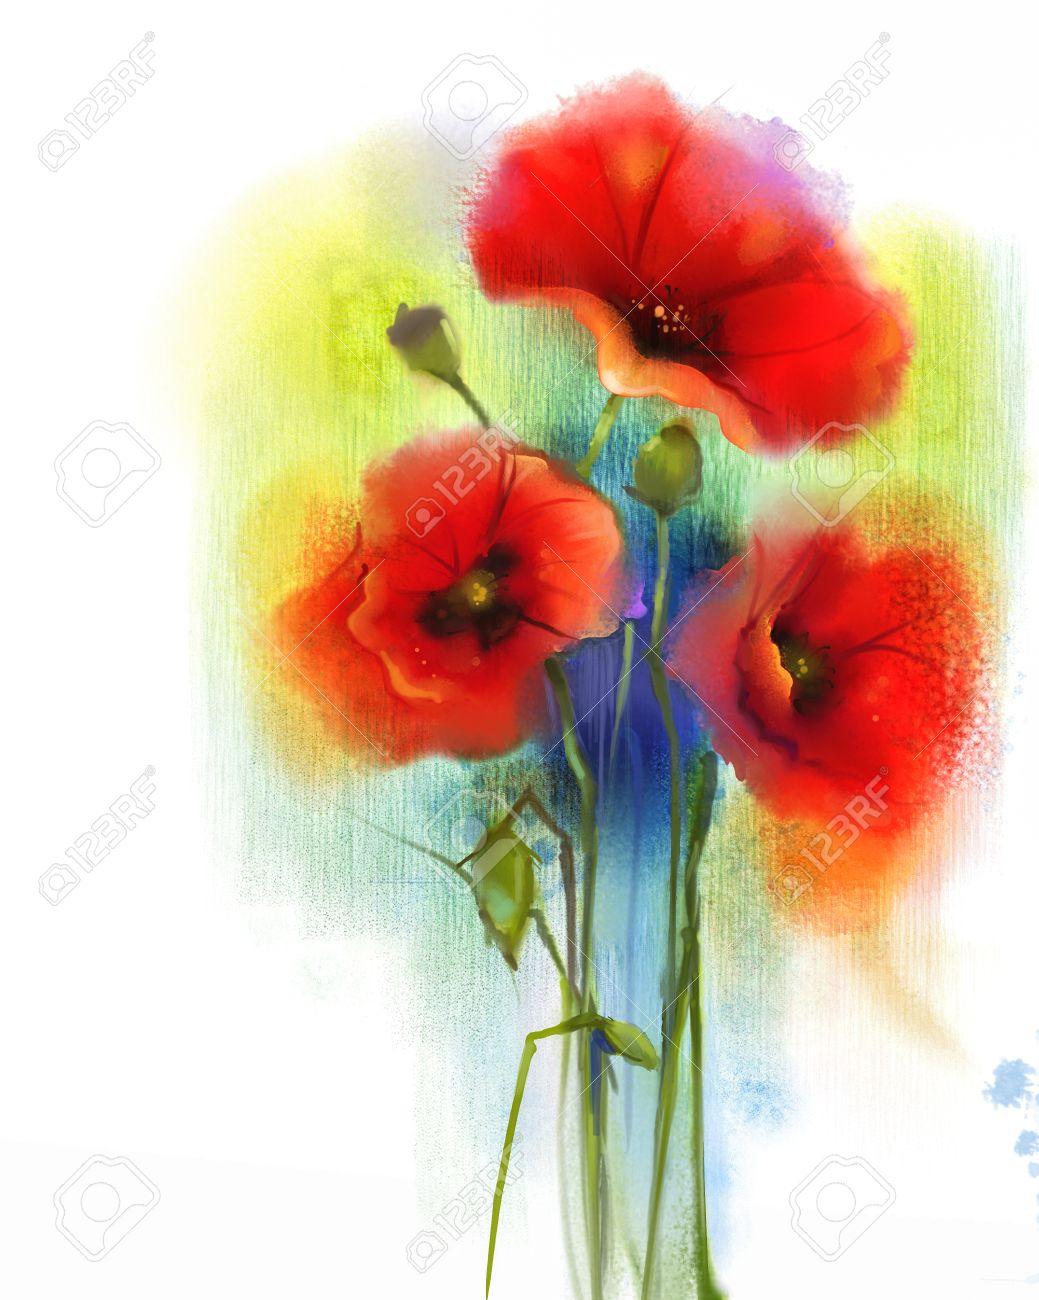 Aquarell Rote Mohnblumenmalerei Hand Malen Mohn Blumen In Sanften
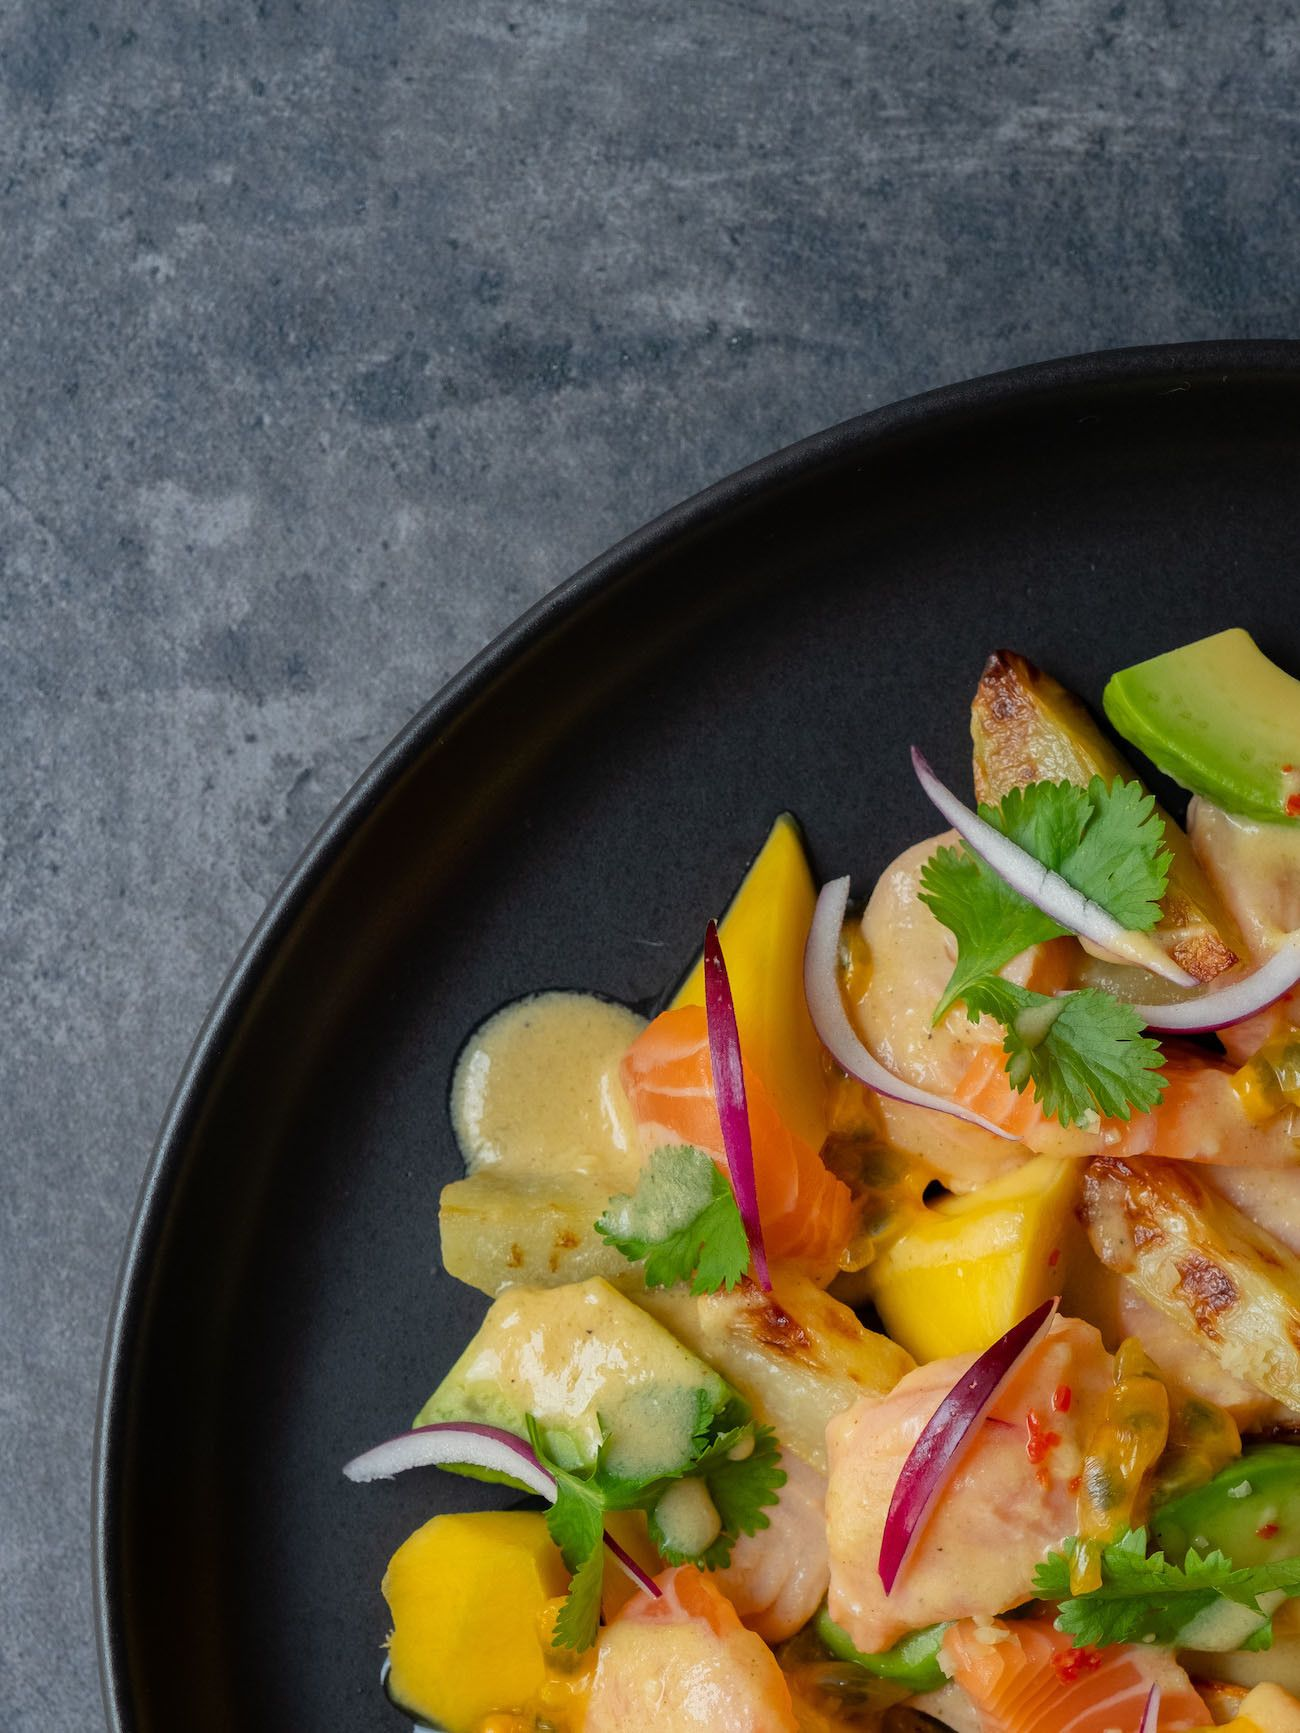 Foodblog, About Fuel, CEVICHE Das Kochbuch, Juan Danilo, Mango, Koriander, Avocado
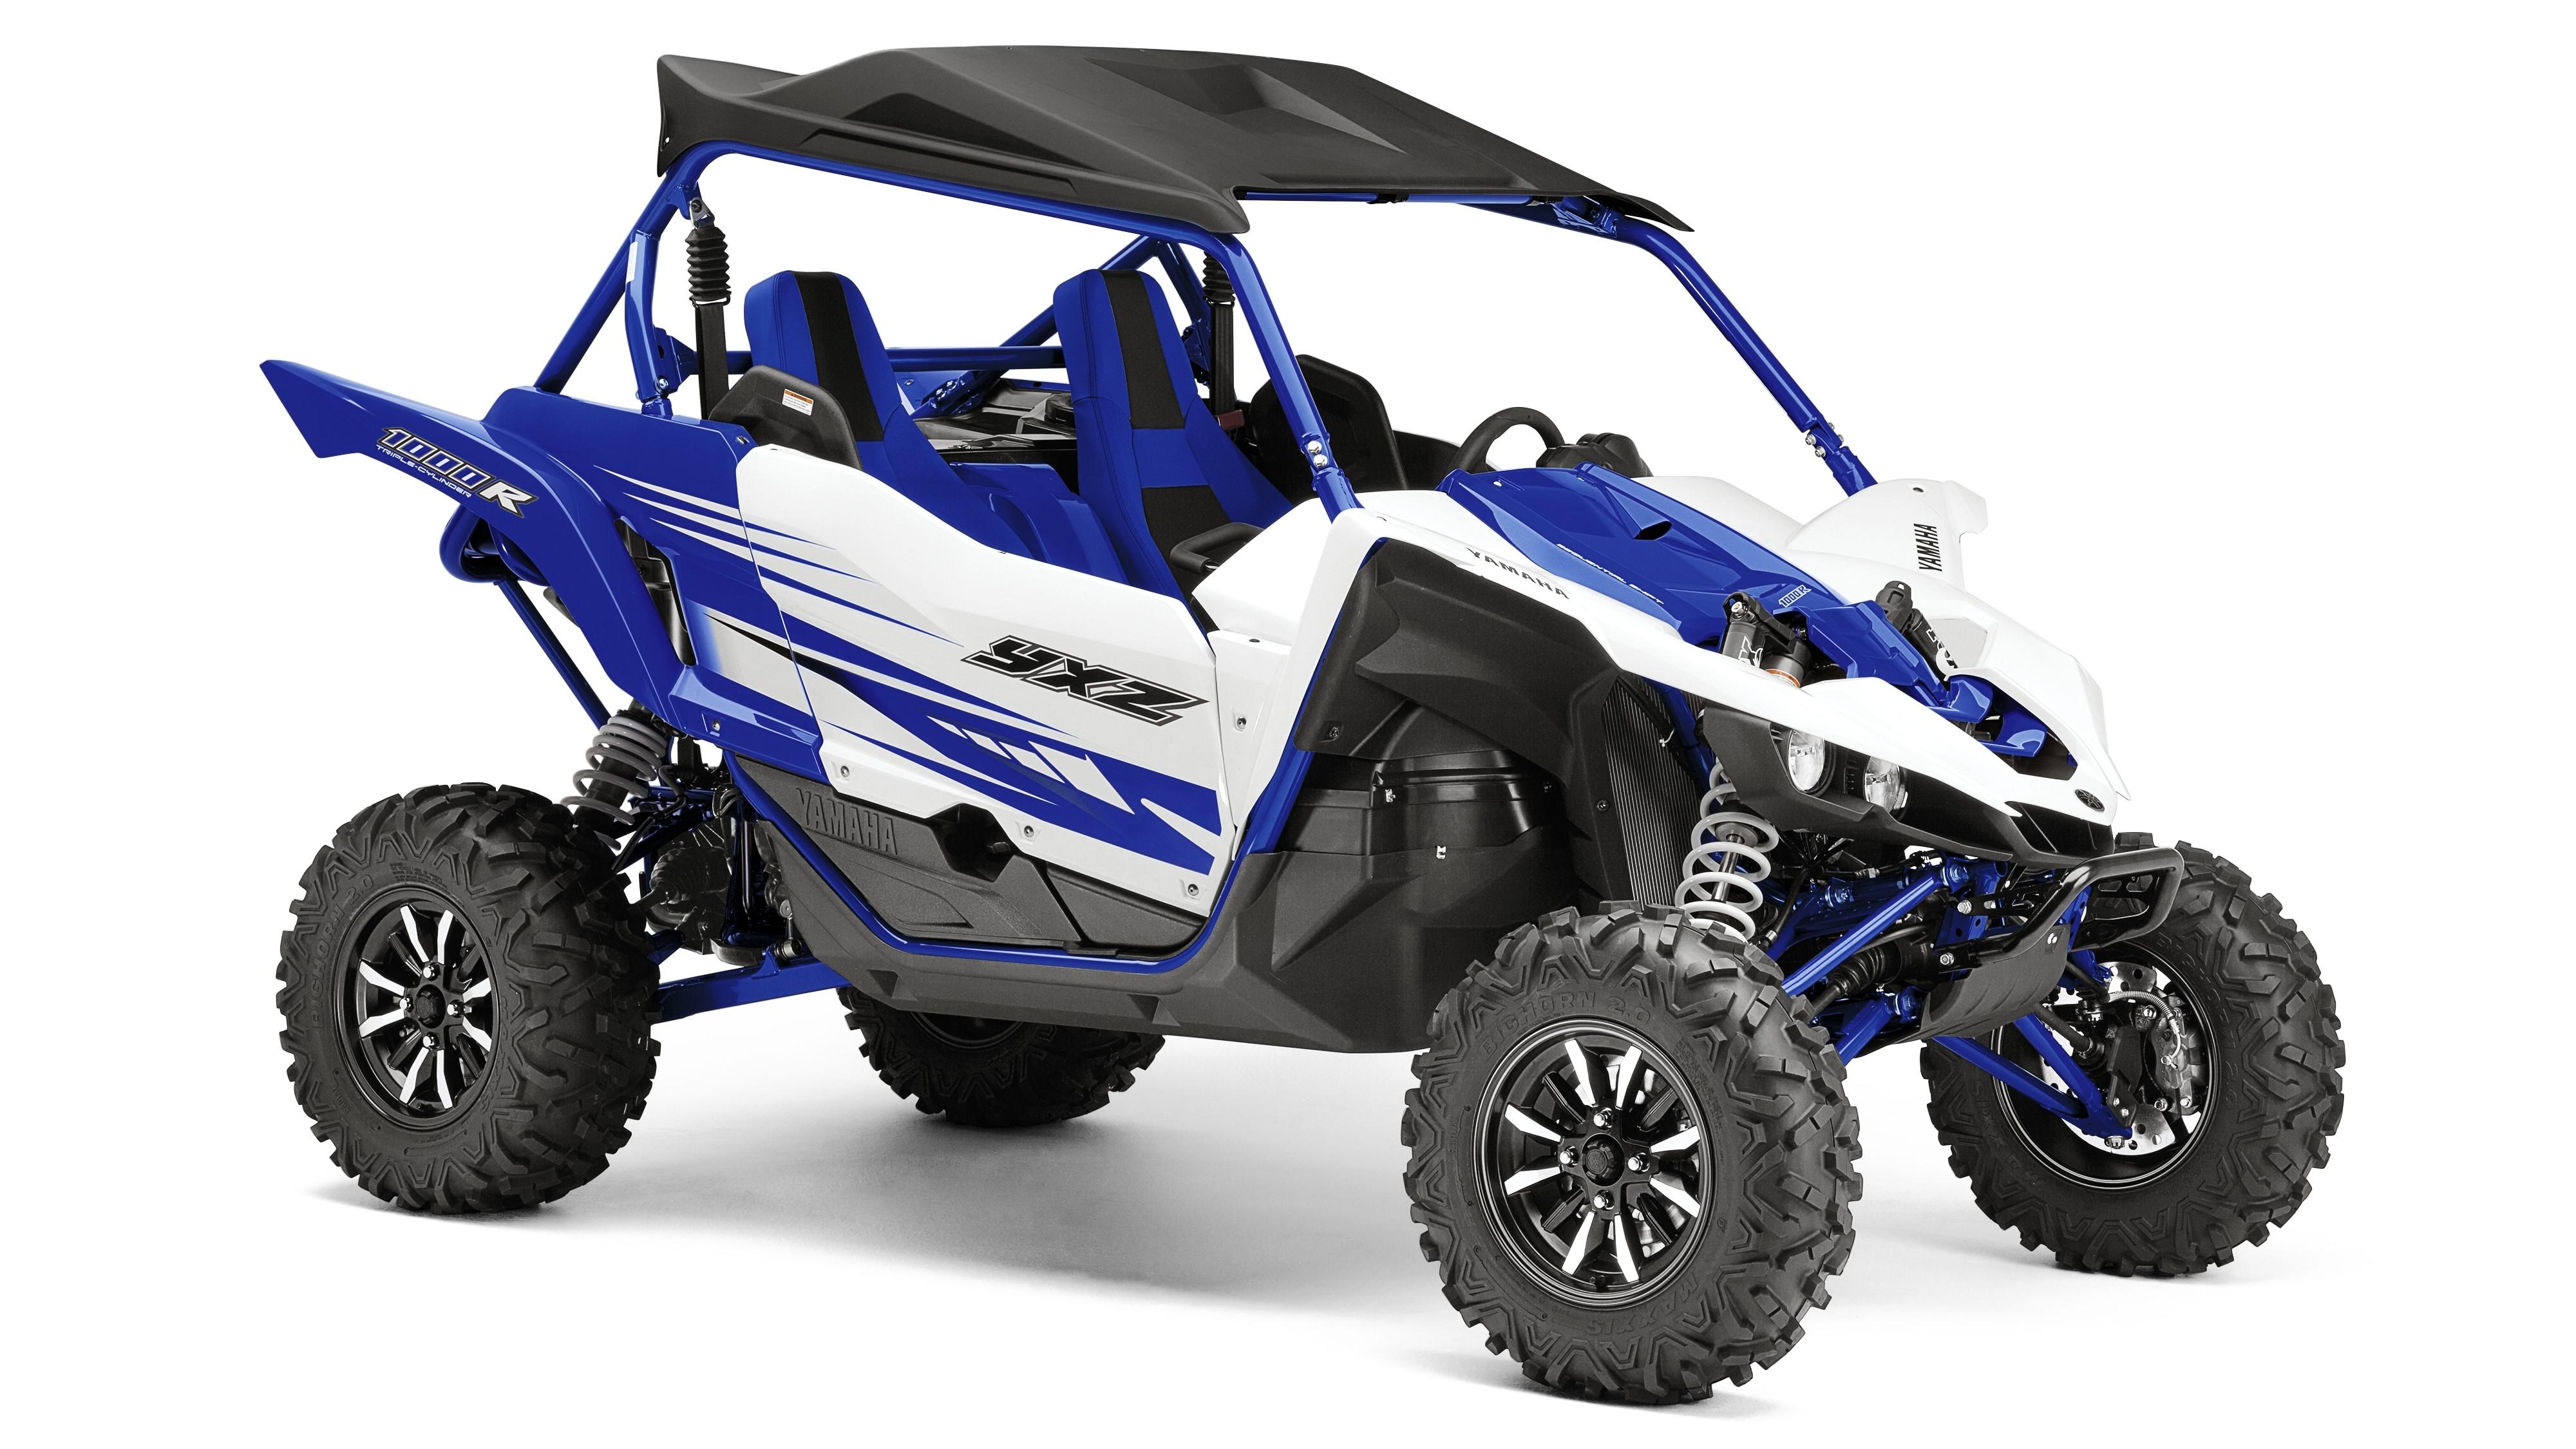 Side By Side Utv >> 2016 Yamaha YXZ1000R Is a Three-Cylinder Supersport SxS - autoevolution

(What needs to be done): Write out all the data exactly, minus pictures.

(Written answer):
 Aquarell Rote Mohnblumenmalerei Hand Malen Mohn Blumen In Sanften
 Foodblog, About Fuel, CEVICHE Das Kochbuch, Juan Danilo, Mango, Koriander, Avocado
 Side By Side Utv >> 2016 Yamaha YXZ1000R Is a Three-Cylinder Supersport SxS - autoevolution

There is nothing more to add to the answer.